Aviation Shake-Up: Engine Recalls Propel Asset Management to $291bn Horizon by 2032.
In what’s poised to be a turning point in aviation history, the industry grapples with significant engine recalls, leaving a trail of disrupted travel plans in its wake. And yet, from this chaos emerges an unprecedented opportunity for aviation asset management companies, with estimations hinting at a sector boom worth a staggering $291 billion by 2032.
Over the summer, travellers bore the brunt of the aviation sector’s vulnerabilities. The UK, among other countries, had to navigate around a mire of flight cancellations and delays, as reported by the CAA. High-flying airline giants like Lufthansa, Qatar Airways, and Silver Airways faced a daunting challenge with an acute spare parts shortage, resulting in grounded planes and countless operational hiccups.
Further complicating matters, about 1,200 Pratt & Whitney engines designed for Airbus A320neo jets were flagged for inspections. This setback sent ripples across the industry, stressing an already strained aircraft supply. However, it’s not all doom and gloom. Enter the aviation asset management firms.
AIP Capital, a titan in the aviation asset management landscape, shed light on this tumultuous scenario. They underline how this supply squeeze has unlocked a veritable treasure trove of prospects for aircraft leasing and aviation asset management entities. Notably, with consumer aviation demand skyrocketing, these firms have swooped in, offering solutions when they’re needed the most.
Shockwaves continued as US engine manufacturer RTX disclosed a concerning manufacturing flaw that threatens to ground hundreds of Airbus jets in the foreseeable future. This revelation, combined with the aviation sector’s labor shortages, sets the stage for an intense clash over engines, with a grim forecast of approximately 650 jets idling away in 2024’s first half.
However, alternative investment companies are stepping up to untangle these supply chain knots, chiefly engine repairs, ensuring the aviation industry’s ambitious growth story remains intact.
Adding weight to this optimistic projection, Spherical Insights LLP unveiled a report suggesting the global aviation asset management market might burgeon from $177.79 billion in 2022 to a jaw-dropping $288.34 billion by 2032.
For insights into the industry’s transformative journey, there’s no one better to turn to than Jared Ailstock, AIP Capital’s Managing Partner. He emphasized the plethora of untapped opportunities dotting the aviation landscape – spanning aircraft leasing, repairs, and a spotlight on burgeoning markets, including APAC. Ailstock predicts a surge in private investors in these emerging markets in the coming years.
The domain has witnessed a paradigm shift with the pandemic-induced retreat of traditional bank-led aviation financing. Alternative investment platforms and private equity firms are capitalizing on this void, taking the reins and investing in new aircraft, reshaping aviation financing’s DNA.
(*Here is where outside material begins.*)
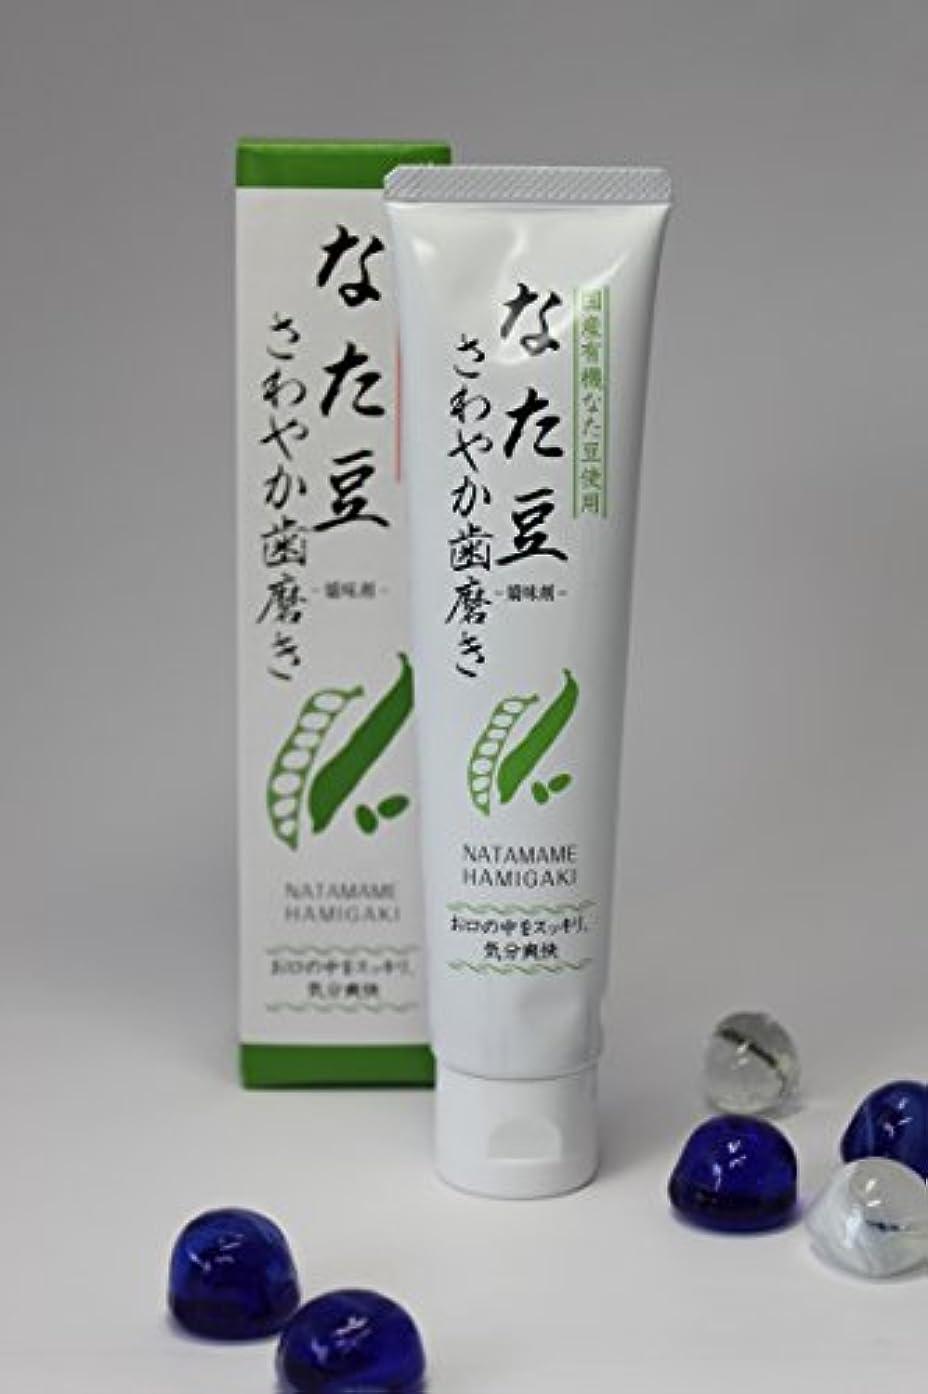 受け入れ空の疑い者アスカ(大阪) なた豆さわやか歯磨き 120g

A testament to this evolution is AIP Capital. Launched in May 2023, the firm boasts an enviable $1.6 billion portfolio, complete with 30 aircraft and 68 more Boeing 737 Max models awaiting their orders. The firm’s endeavours span aircraft management, operating and acquisition finance, and private credit investing. The AIP team has a proven knack for leveraging industry relationships, previously steering about $5 billion across 119 aviation assets.
Ailstock encapsulates this seismic industry shift, remarking, “The landscape offers a myriad of avenues for significant yield. And while some investors once shied away from aviation, many now recognize its lucrative potential, whether they’re industry newcomers or stalwarts.”
The narrative is straightforward – aviation’s future is ripe with potential, and asset management firms are leading the charge.